▶ [Try it] Leaving out the images, reproduce every line of the data that follows exactly.
#### Data section ####
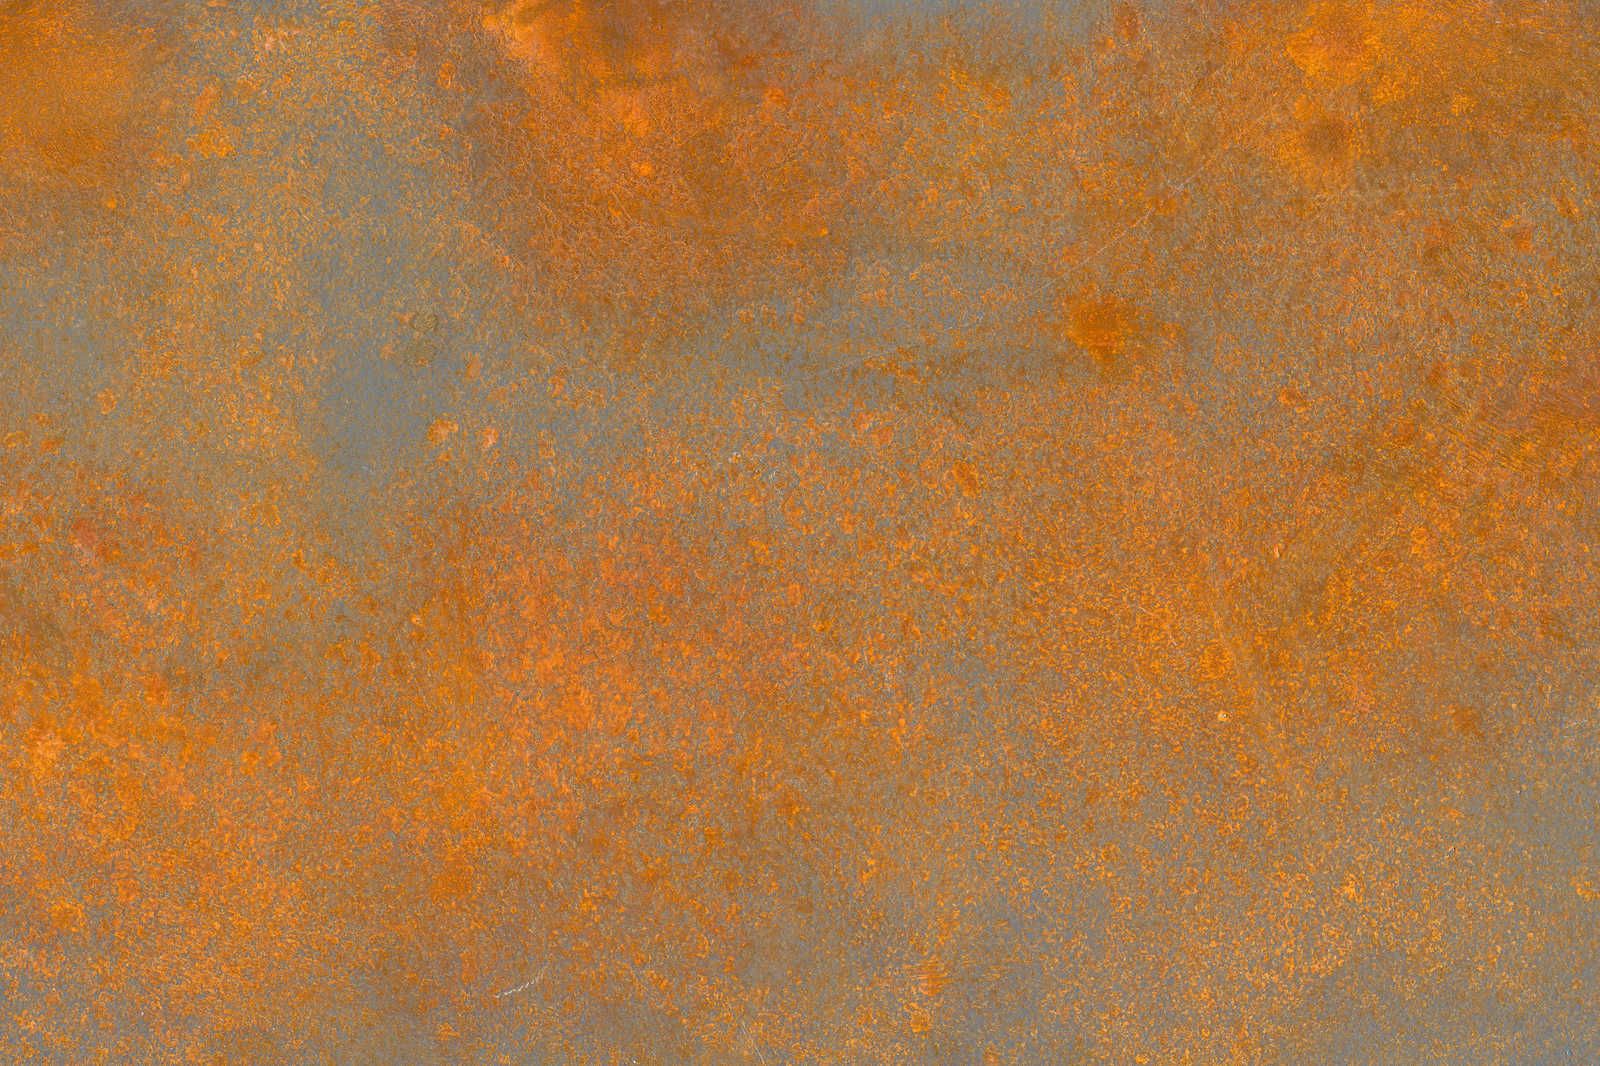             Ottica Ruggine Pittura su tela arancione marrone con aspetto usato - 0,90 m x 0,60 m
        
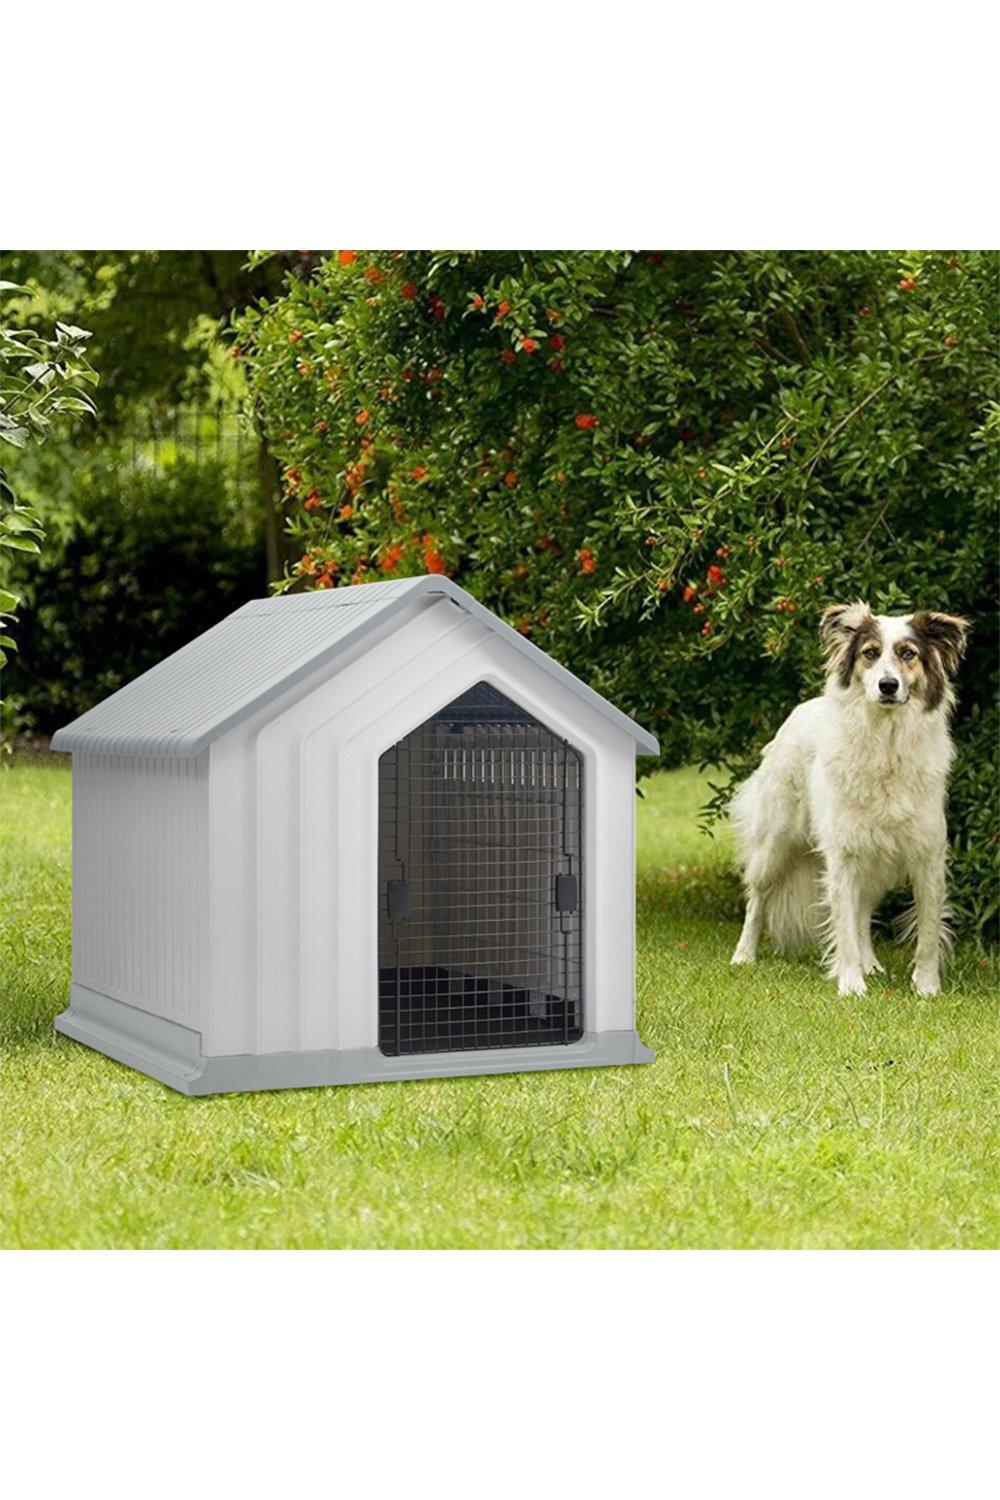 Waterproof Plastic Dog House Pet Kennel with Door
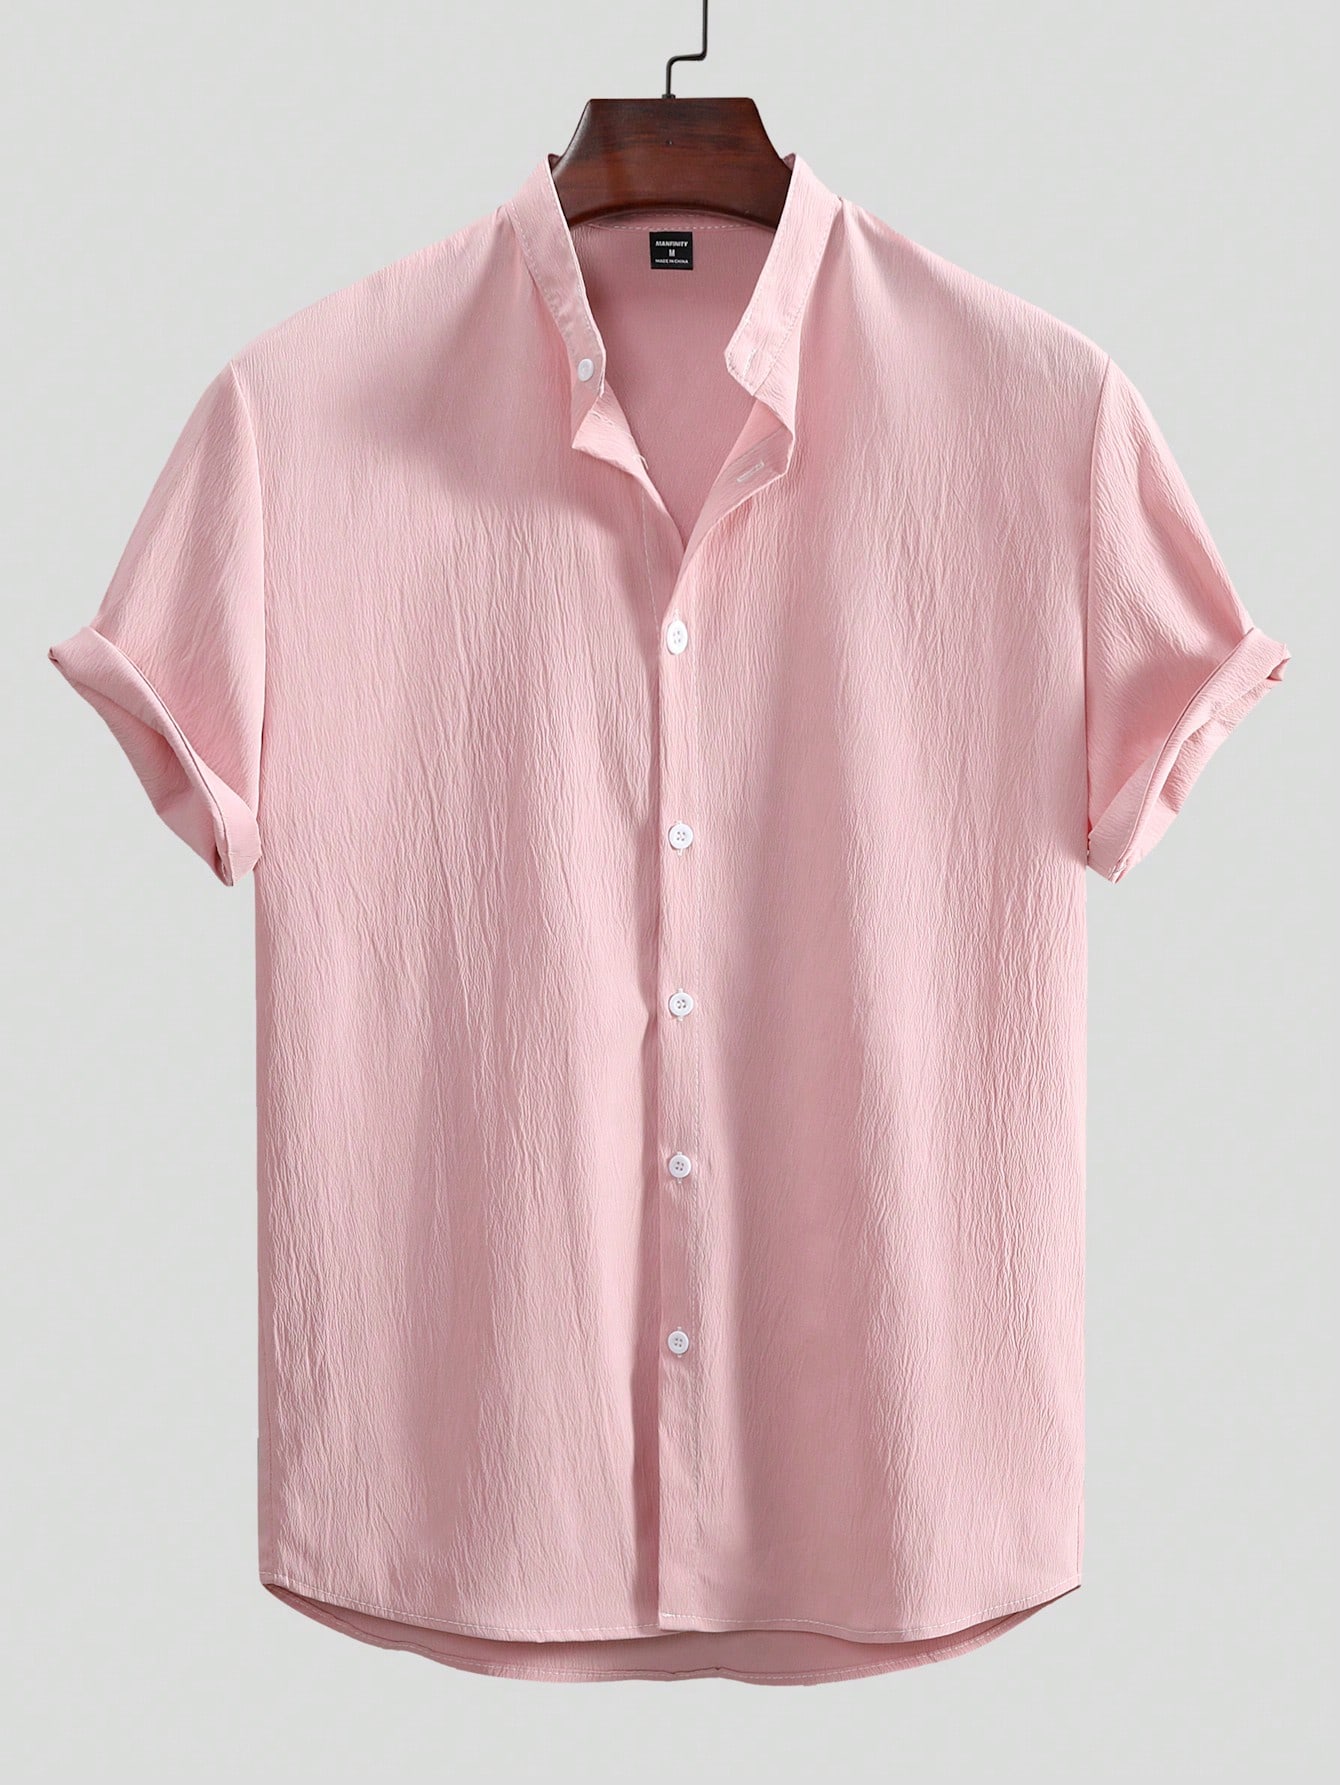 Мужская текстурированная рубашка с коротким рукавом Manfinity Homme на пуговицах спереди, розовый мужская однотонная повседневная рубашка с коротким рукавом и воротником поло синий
####
▶ [The completed task]
             Ottica Ruggine Pittura su tela arancione marrone con aspetto usato - 0,90 m x 0,60 m
        
 Waterproof Plastic Dog House Pet Kennel with Door
 Мужская текстурированная рубашка с коротким рукавом Manfinity Homme на пуговицах спереди, розовый мужская однотонная повседневная рубашка с коротким рукавом и воротником поло синий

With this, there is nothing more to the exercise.